Financial Services Committee Unanimously Advances Meuser’s ACCESS Act of 2025

WASHINGTON, D.C. – In a 51-0 vote yesterday, the House Financial Services Committee approved H.R. 3645, the Amendment for Crowdfunding Capital Enhancement and Small-Business Support Act of 2025 (“ACCESS Act”), authored by Rep. Dan Meuser (PA-09). The bipartisan vote propels the measure to the full House floor, marking a significant step toward modernizing Regulation CF and expanding access to capital for America’s smallest businesses.
The ACCESS Act:
- Cuts red tape for entrepreneurs. It raises the threshold at which companies must obtain a costly financial-statement review by a public accountant from $100,000 to $250,000.
- Builds in flexibility. The bill lets the Securities and Exchange Commission bump that figure as high as $400,000 when recommended by the Offices of the Investor Advocate and Small Business Capital Formation Advocate, ensuring the rule keeps pace with inflation and marketplace realities.
Rep. Dan Meuser: “America’s entrepreneurs shouldn’t have to choose between raising the capital they need and paying accountants more than they plan to raise. The ACCESS Act updates outdated thresholds so the next great neighborhood brewery, tech start-up, or Main Street retailer can spend its first dollars on growth—not paperwork.”
Chairman French Hill: “Under Mr. Meuser's bill, issuers using crowdfunding exemption will only be required to file financial statements to be reviewed by an independent accountant for offerings over $250,000, as opposed to that current threshold of $100,000. I commend Mr. Meuser for drafting a bill that surgically right-sizes our security laws to lessen the burdens on those small businesses raising small amounts of capital.”
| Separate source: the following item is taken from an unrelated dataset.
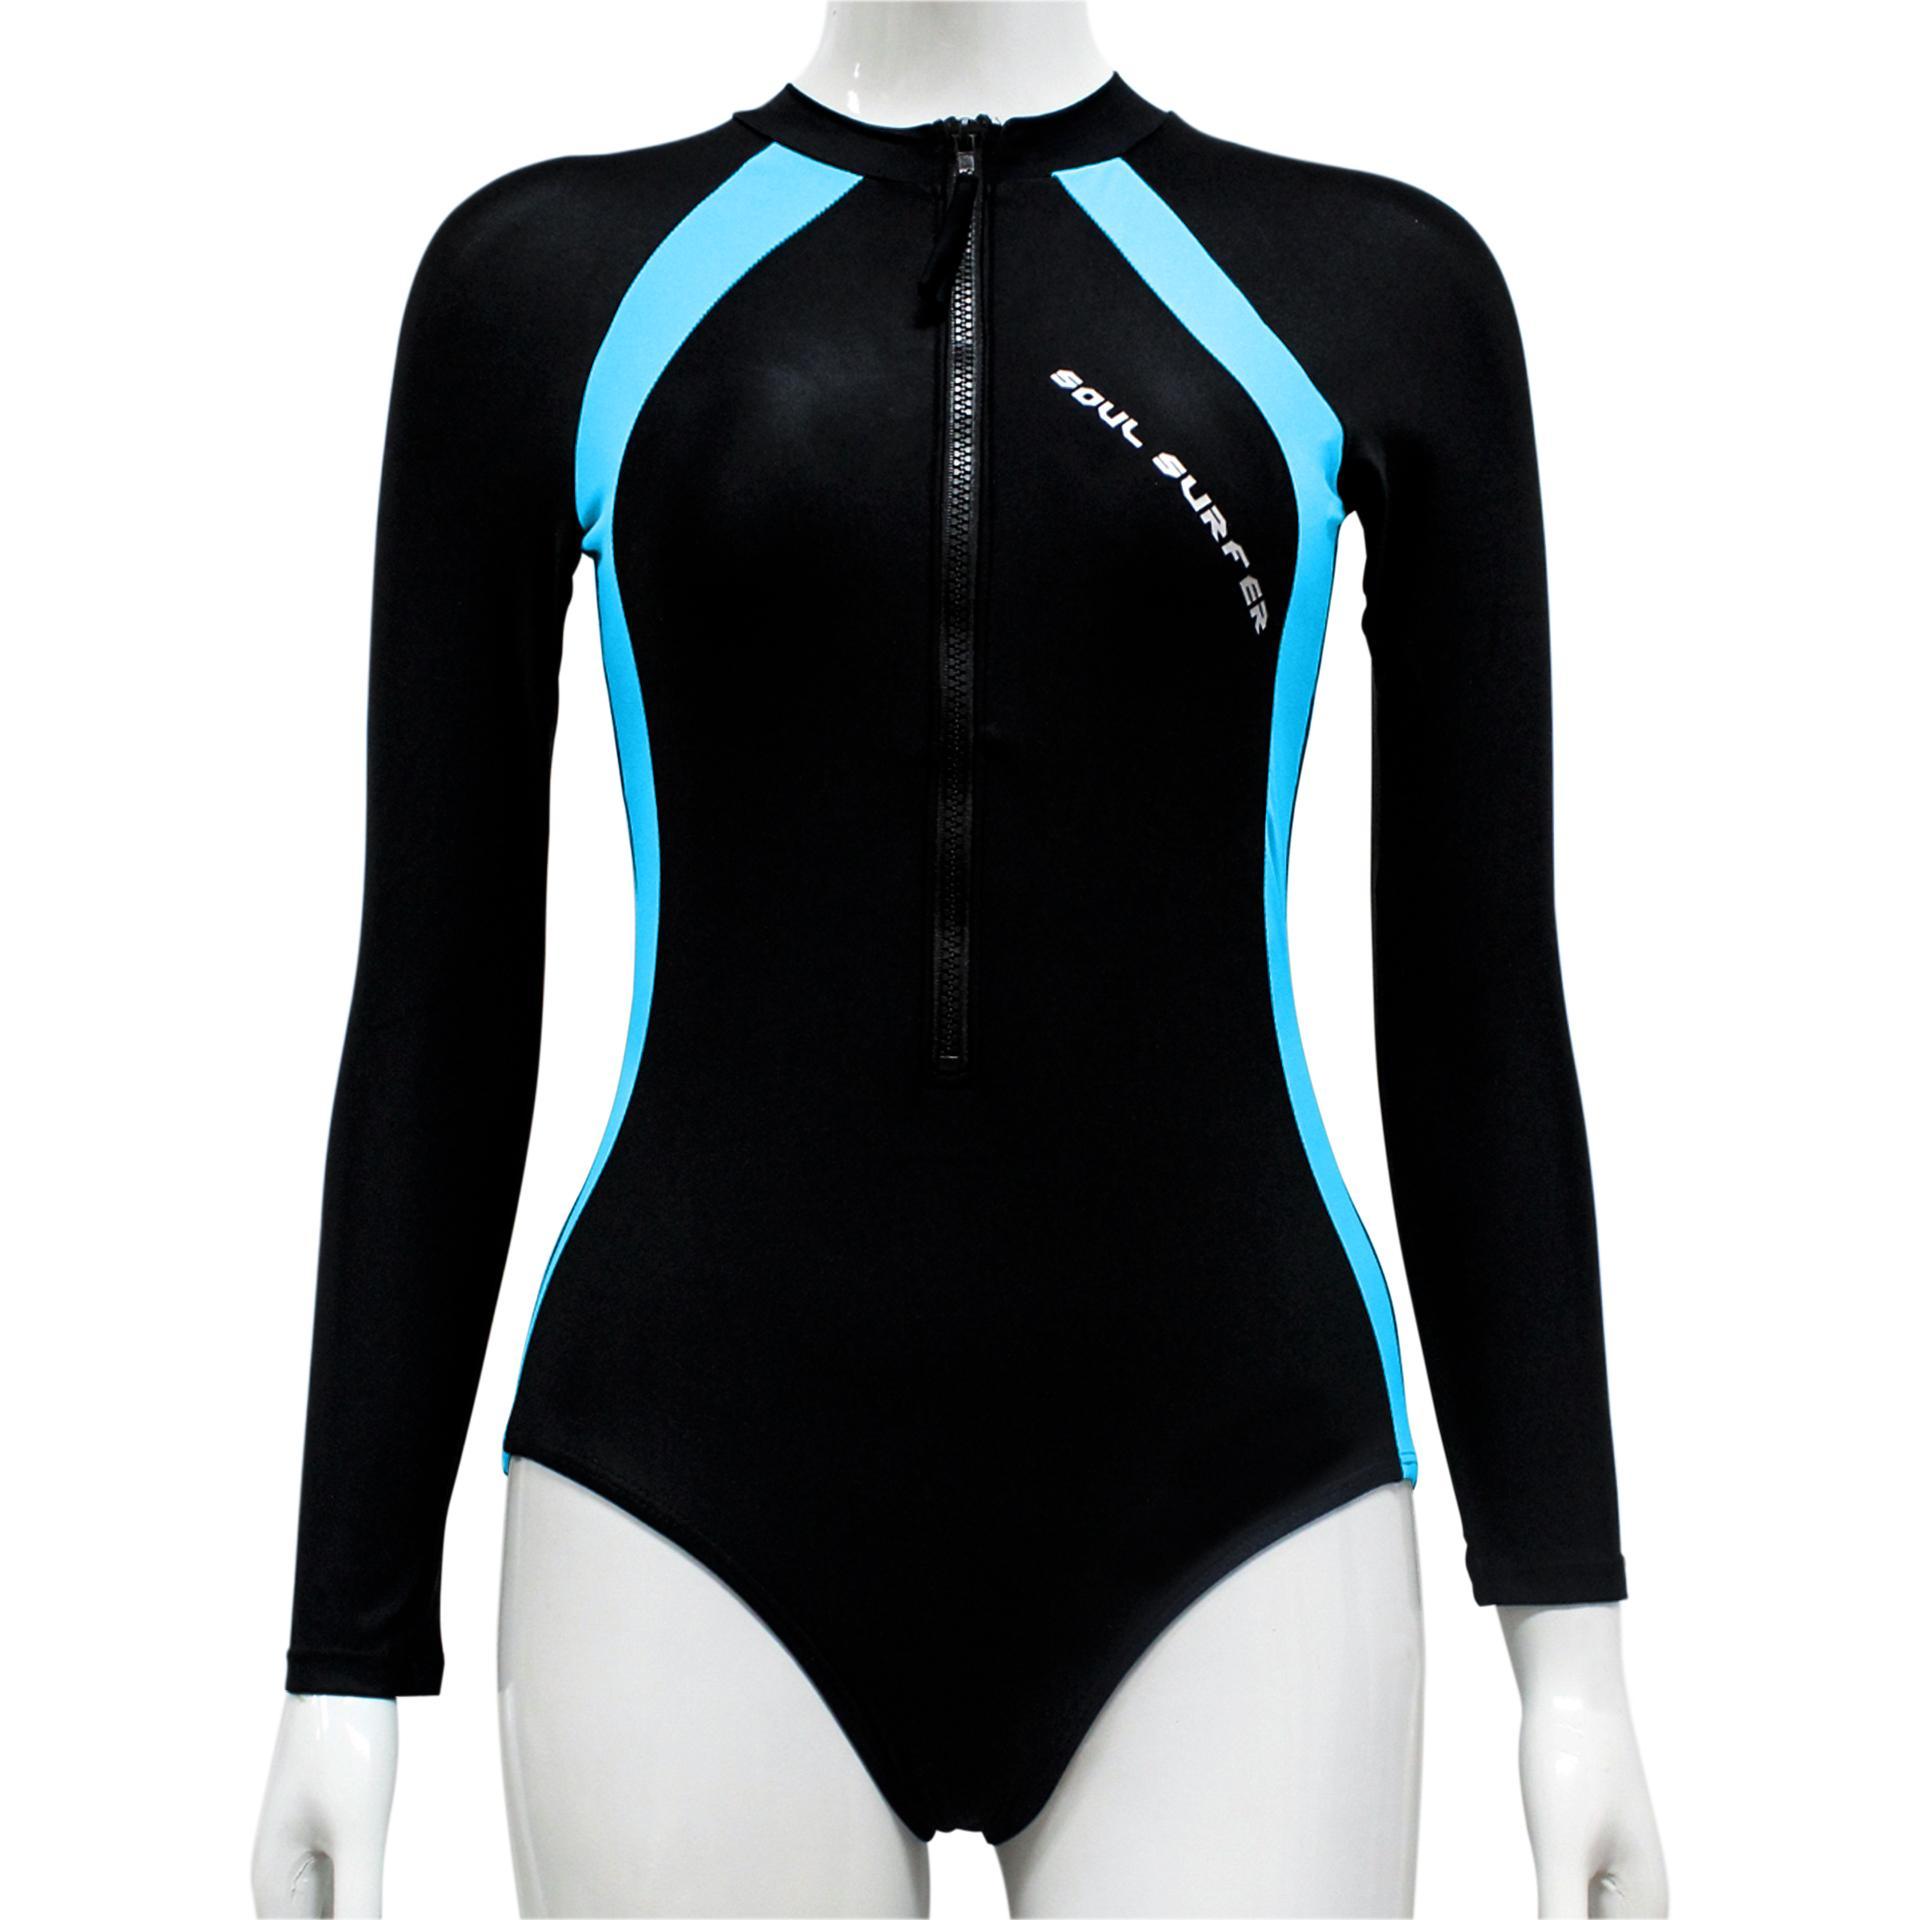 1893ee16ef79 Misfit Swim DSN# MFR001 Women's Overall Long Sleeve Sun-Proof One Piece  Rash Guard

Subcommittee on Capital Markets Chairman Ann Wager: “For many small businesses, regulation crowdfunding, or Reg CF, is the only realistic path for raising early-stage capital outside of friends and family. Unfortunately, the structure of the current rules often treats these micro-issuers like they're conducting multi-million-dollar offerings, and that is simply a mismatch, said The ACCESS Act makes a simple but important change. It updates the financial statement review threshold to better reflect the modest size and risk profile of most Reg CF offerings. This is not about rolling back investor protections. It's about right-sizing clients to fit the scale of capital being raised. When regulatory costs exceed 10% of the funds an entrepreneur is trying to raise, the rules aren't serving anyone, not issuers, not investors who want to access early-stage deals.”
Next Steps
Following today’s committee approval, H.R. 3645 heads to the House floor, where Rep. Meuser will seek swift passage.
Background
Regulation CF, created by the JOBS Act of 2012, allows everyday investors to back early-stage companies online. Yet many start-ups remain below the current $100,000 financial-review threshold, forcing them to choose between expensive compliance or forgoing crowdfunding altogether. The ACCESS Act updates the dollar amounts for the first time in over a decade and gives the SEC an on-ramp to adjust them in the future, ensuring the rule scales with the economy while maintaining robust investor safeguards.